======== Given material

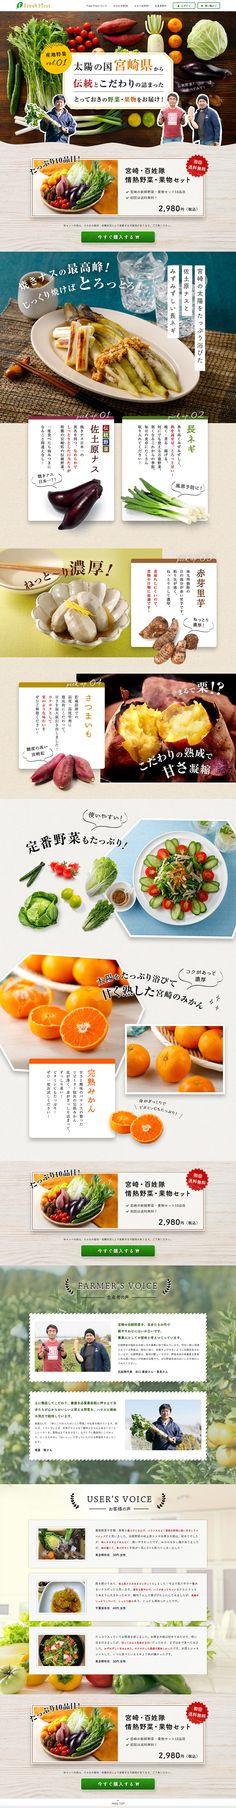 Fresh-First(フレッシュ-ファースト)-産地直送・新鮮野菜果物の宅配ネットスーパー
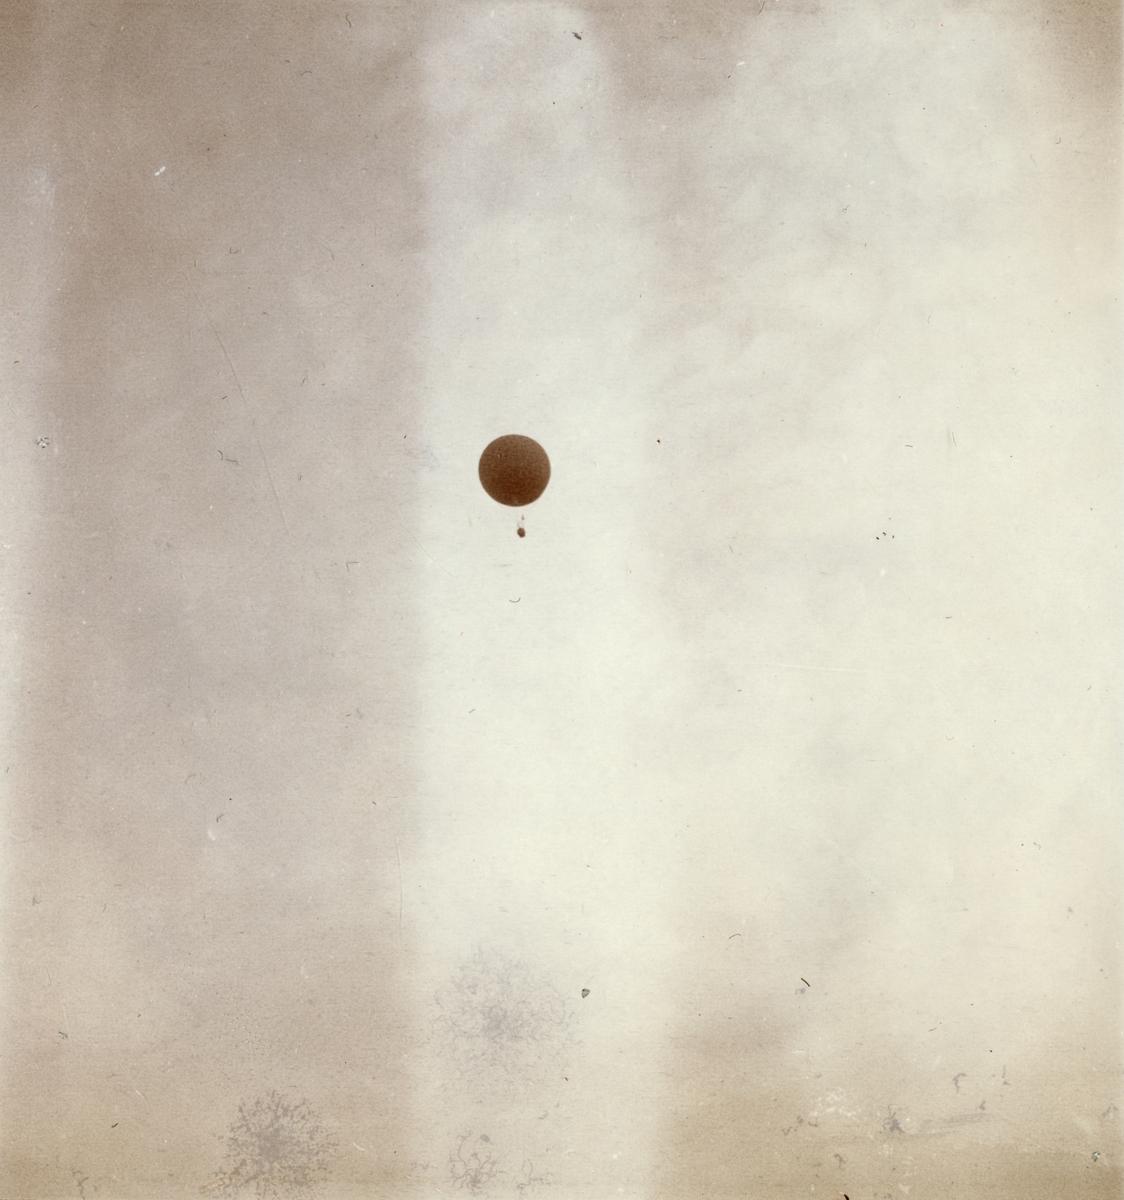 Luftballongen Andrée i luften.
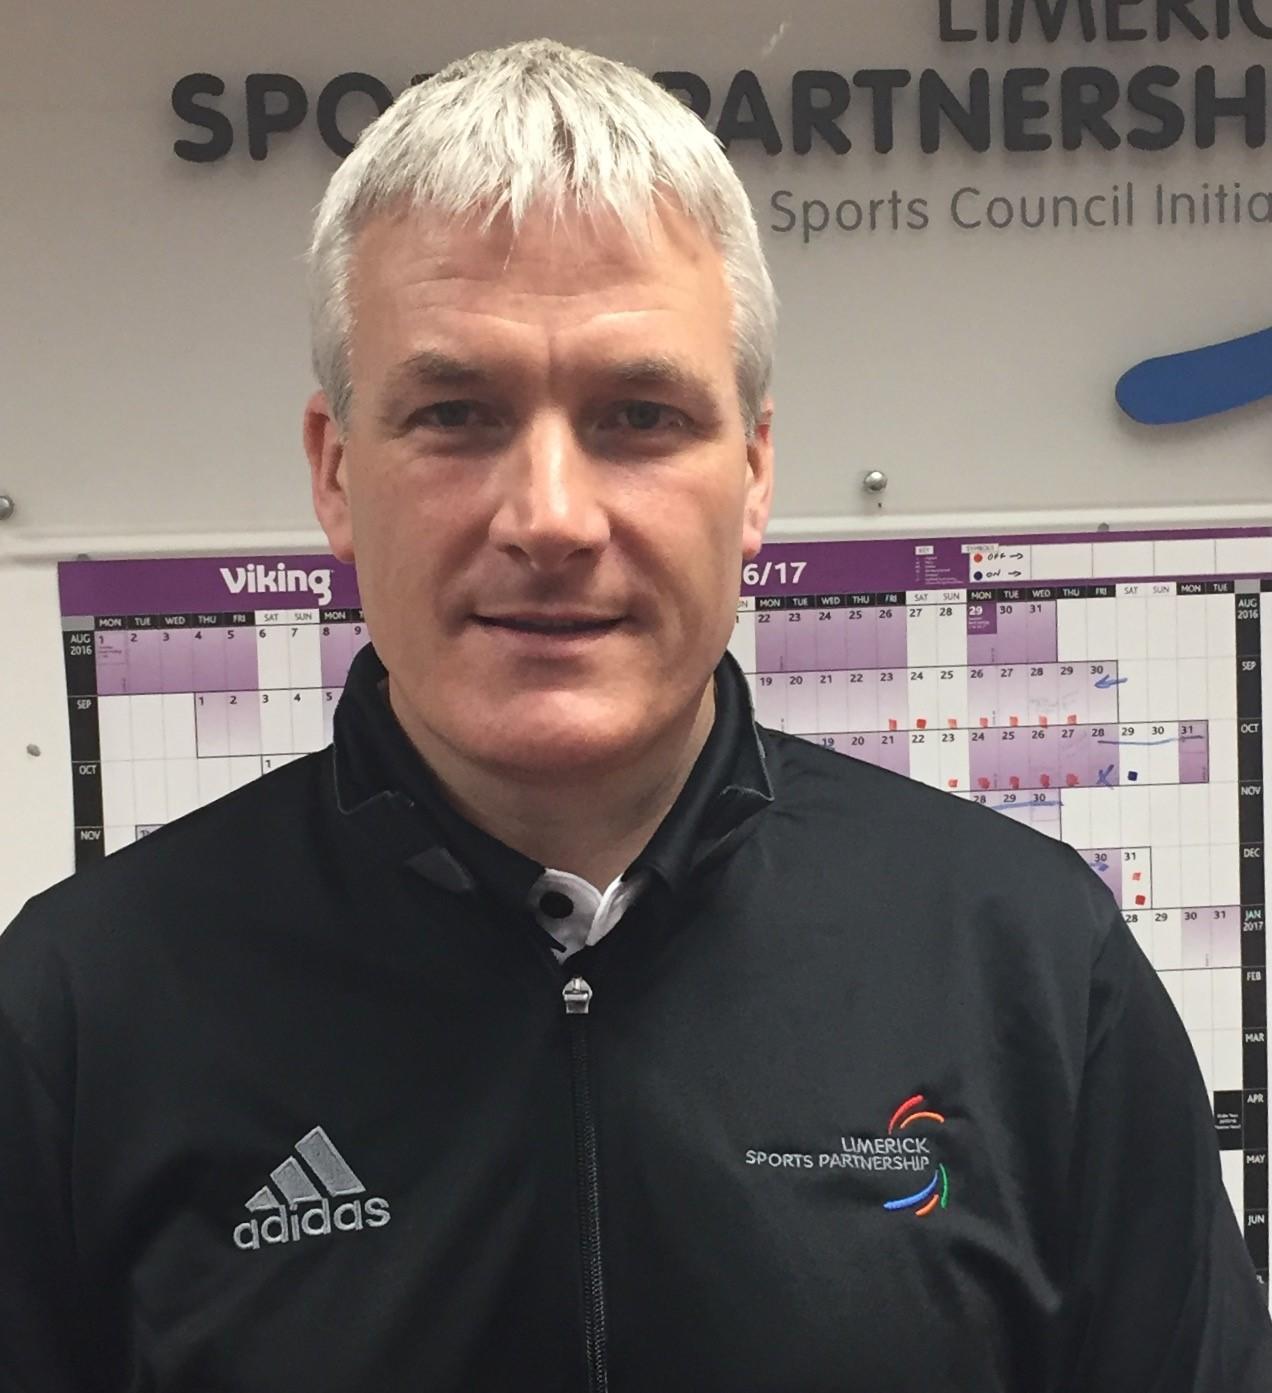 Limerick Sports Partnership Coordinator, Phelim Macken

================

Reproduce the lines above, exactly and exclusively, from the line containing "Luftballongen Andrée i luften." down to the last line, both included; pictures are not part of the copy.

◆ Answer box ◆
 Luftballongen Andrée i luften.
 Limerick Sports Partnership Coordinator, Phelim Macken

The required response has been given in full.